Could you retype exactly the lines below between the one holding "Seehaus beer garden" and the one holding "Coronado Surf Board Wood Print Vintage Sign", inclusive, leaving out any pictures?

### Data section:
####################

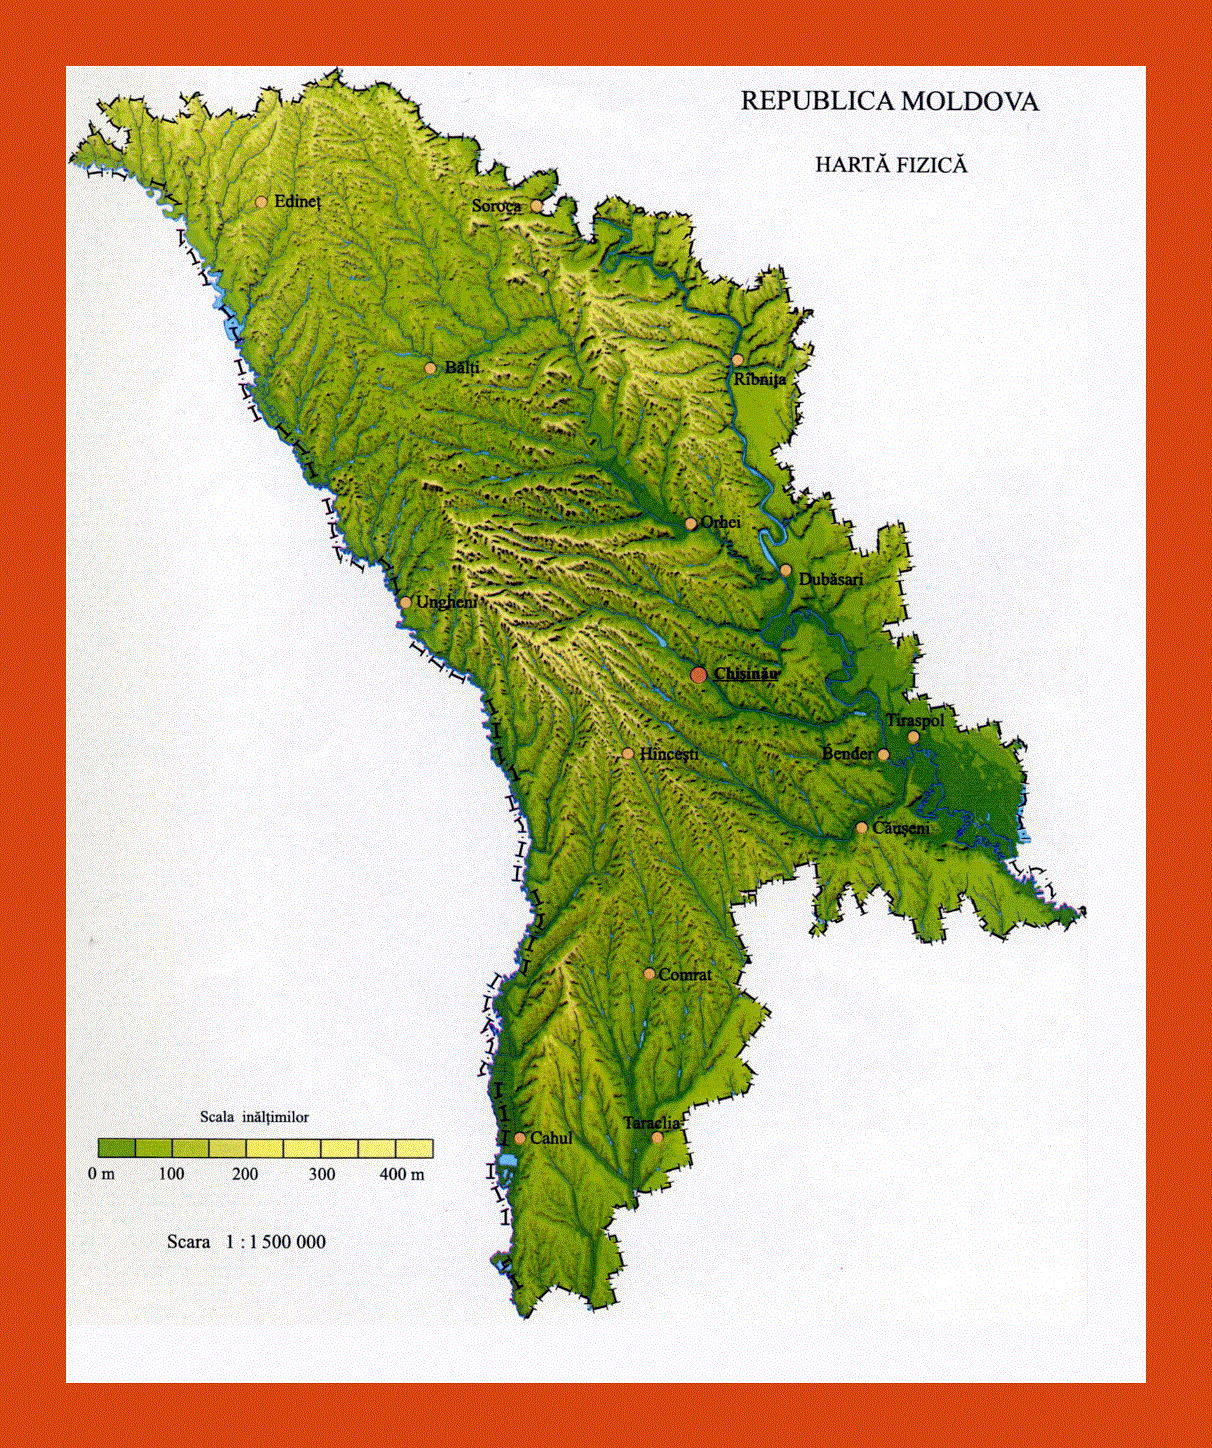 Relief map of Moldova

####################

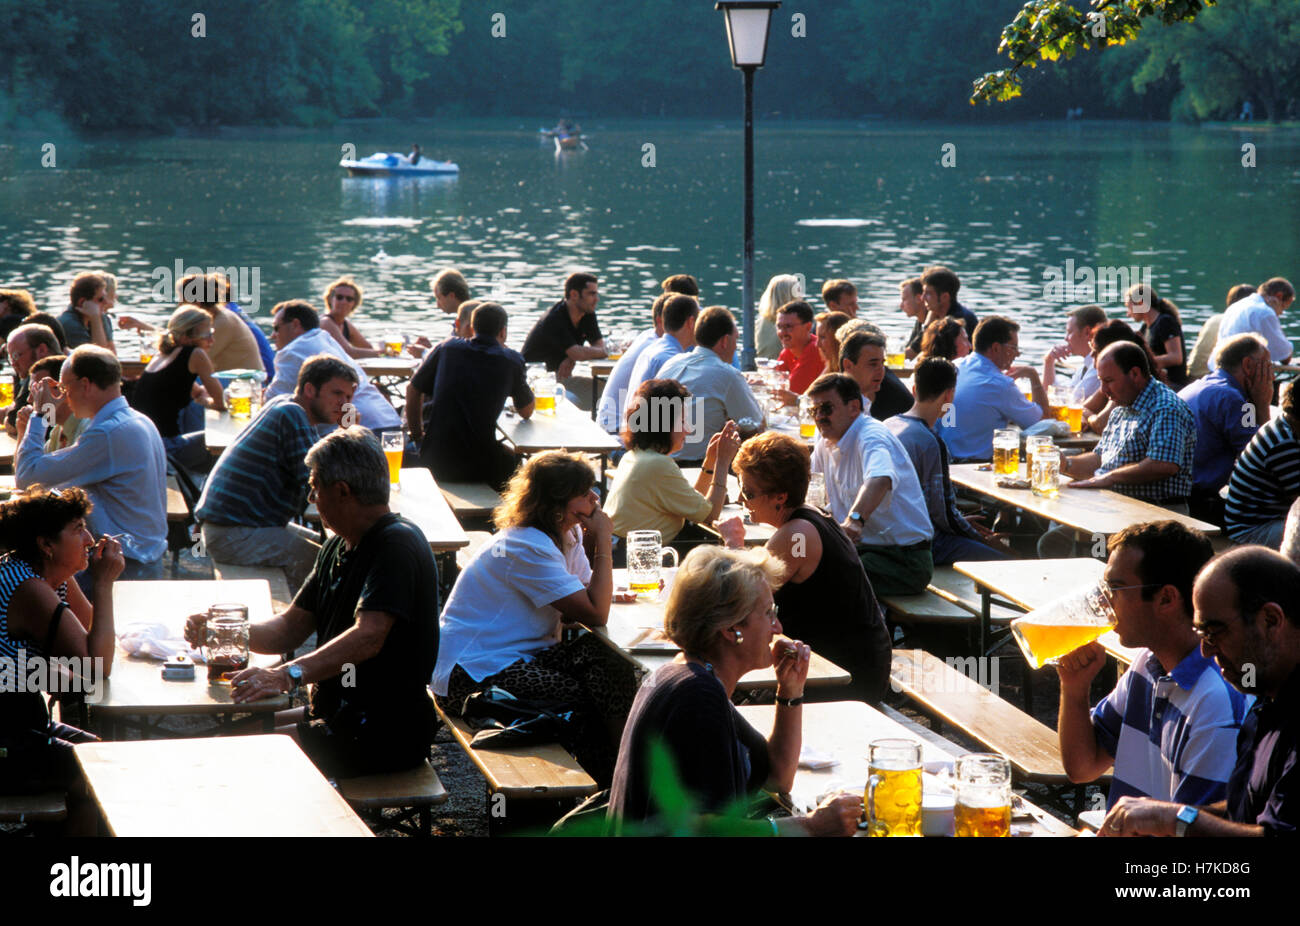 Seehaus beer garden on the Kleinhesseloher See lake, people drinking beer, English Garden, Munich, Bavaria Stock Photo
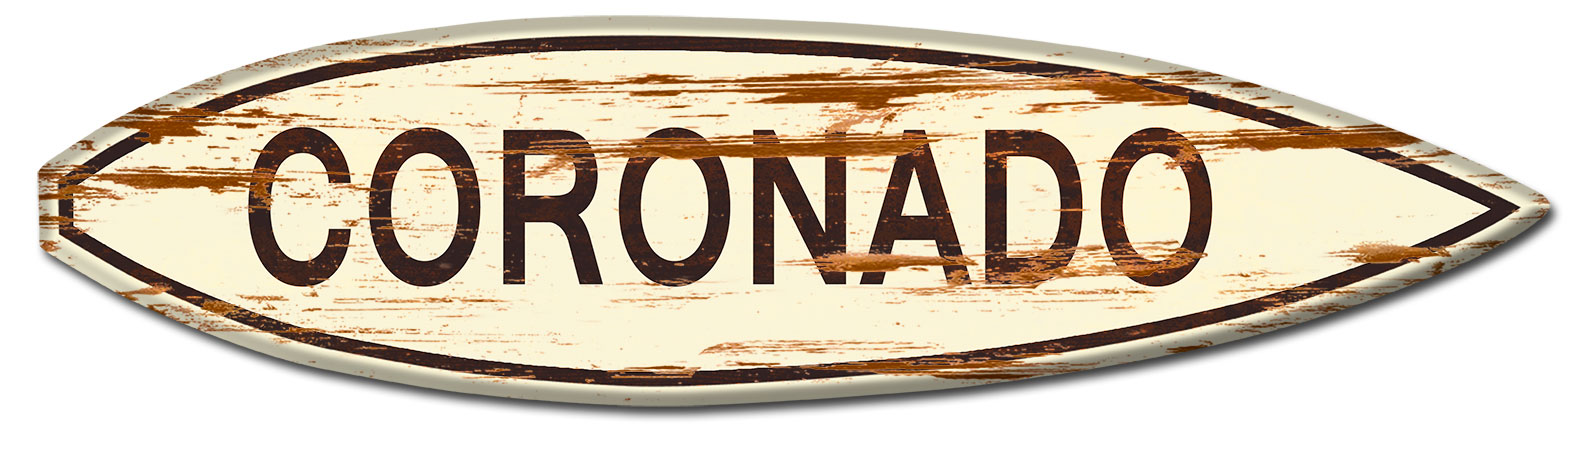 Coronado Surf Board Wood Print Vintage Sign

####################

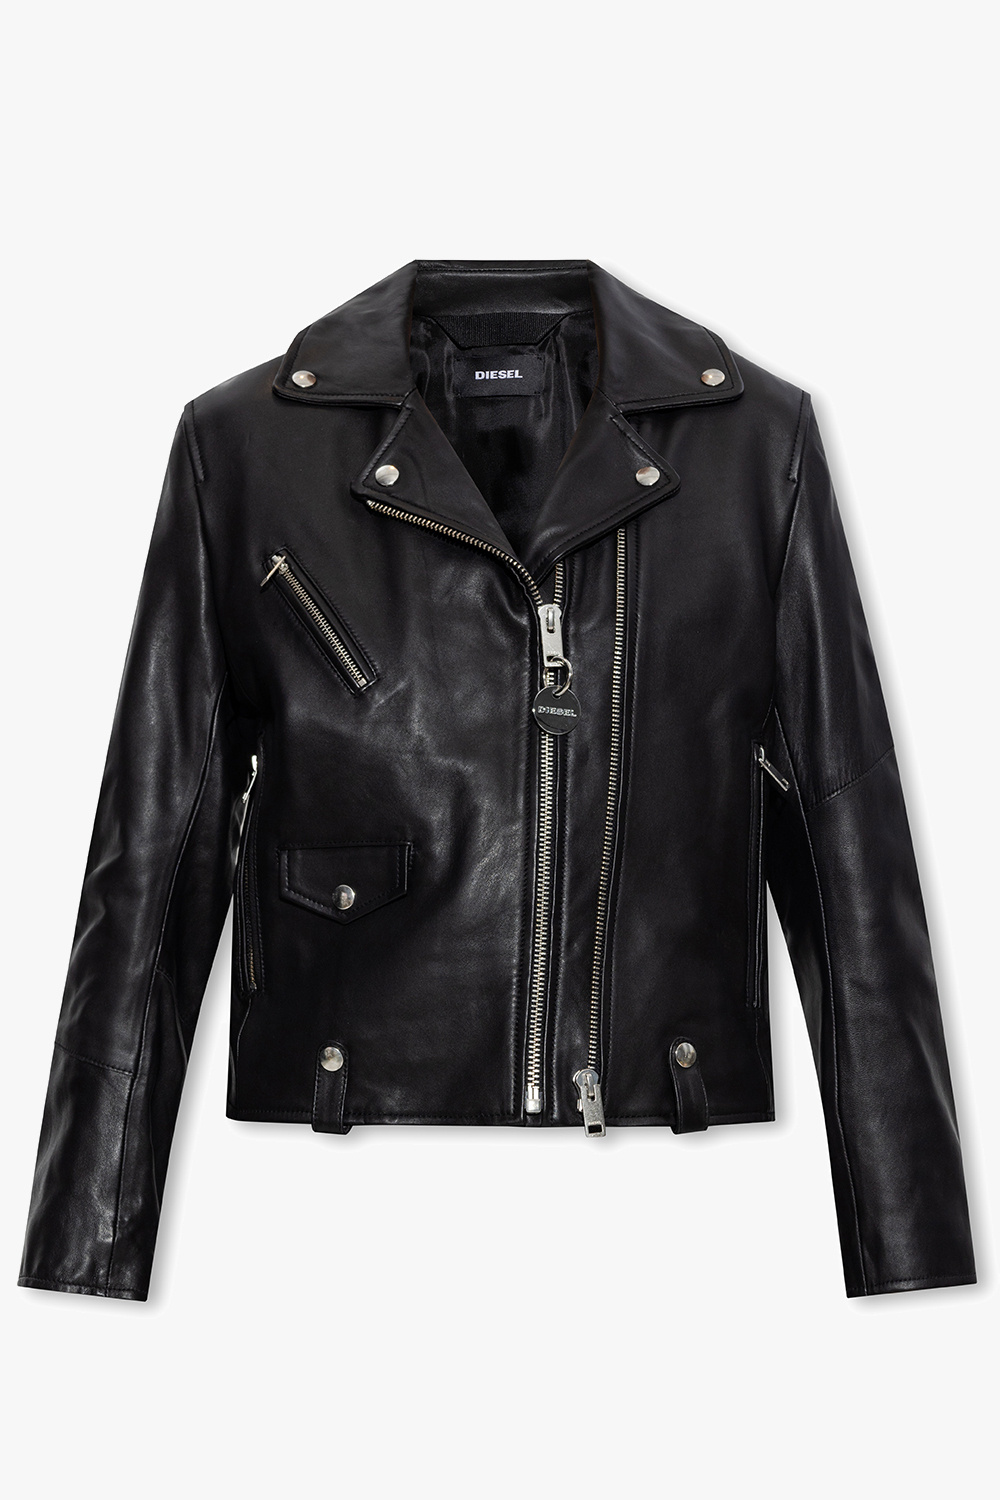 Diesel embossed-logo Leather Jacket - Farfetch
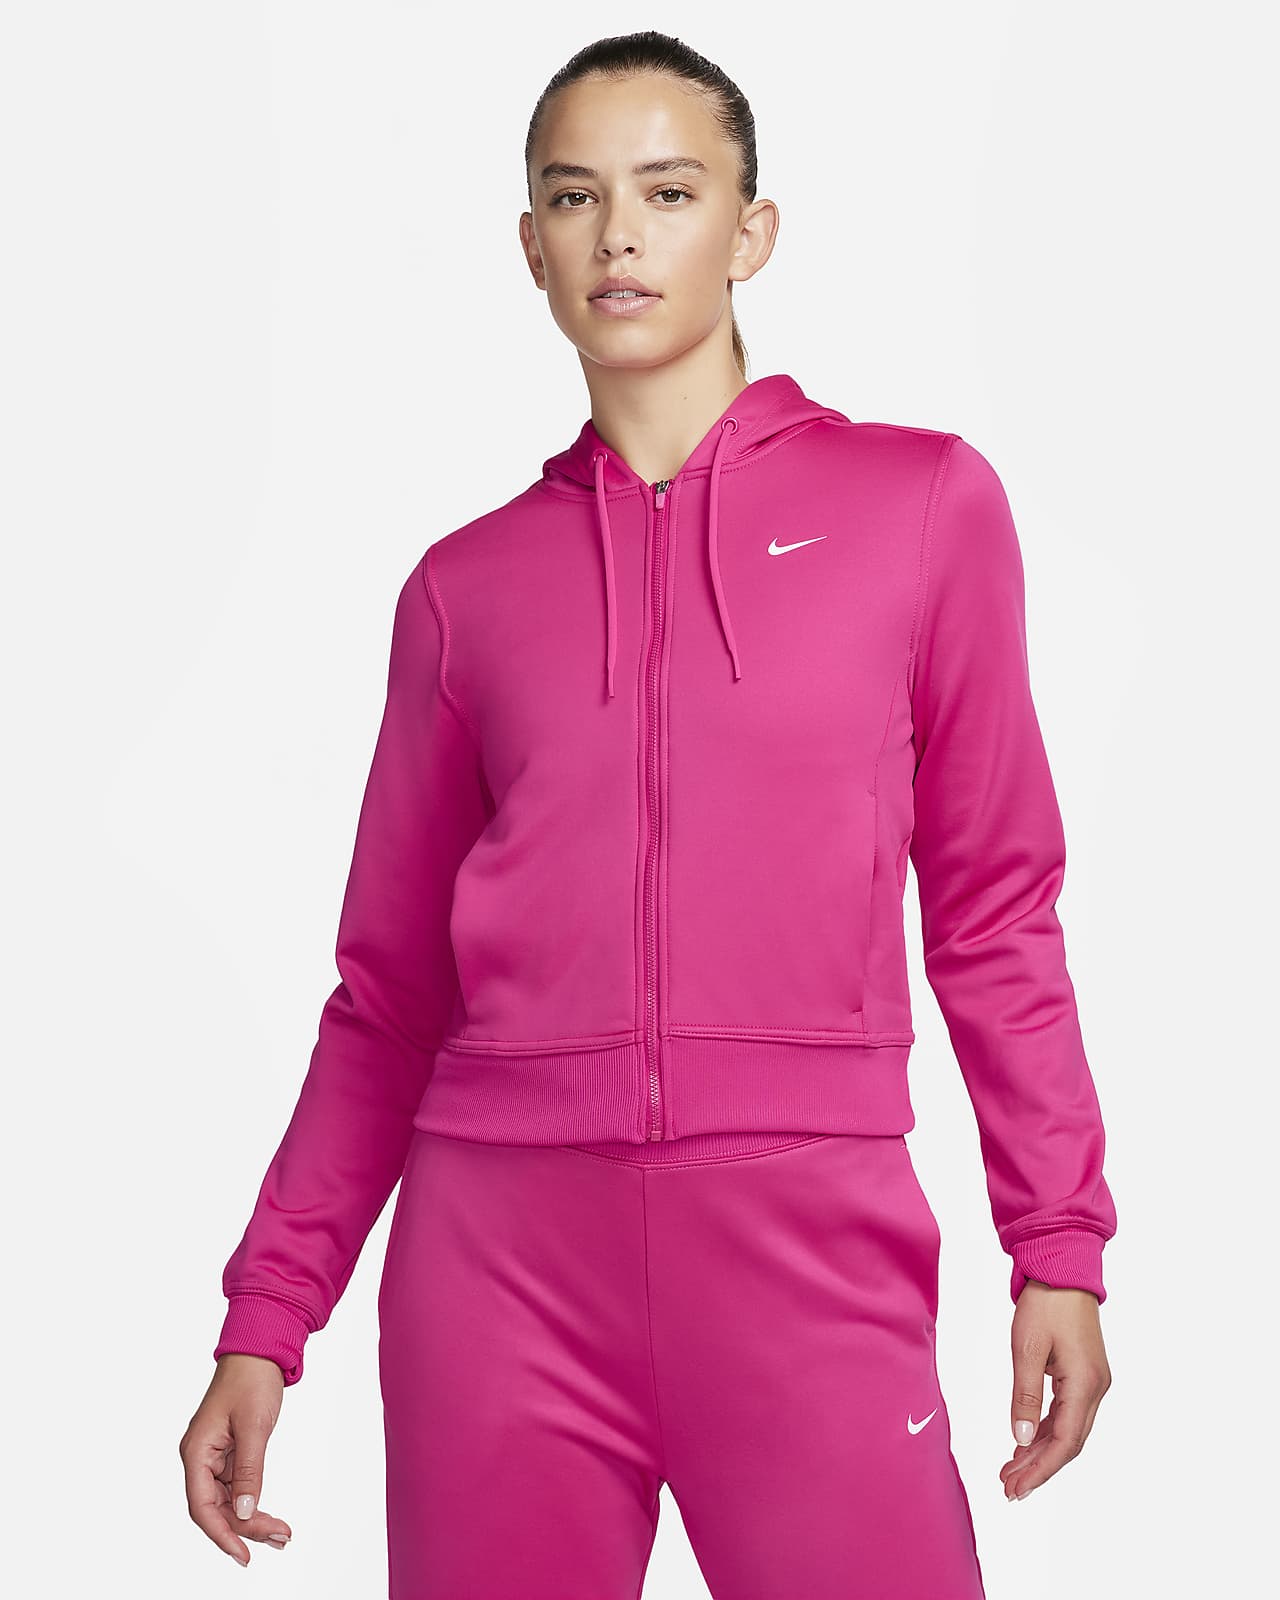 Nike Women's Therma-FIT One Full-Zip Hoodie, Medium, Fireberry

####################

### Problem solution:
 Seehaus beer garden on the Kleinhesseloher See lake, people drinking beer, English Garden, Munich, Bavaria Stock Photo
 Coronado Surf Board Wood Print Vintage Sign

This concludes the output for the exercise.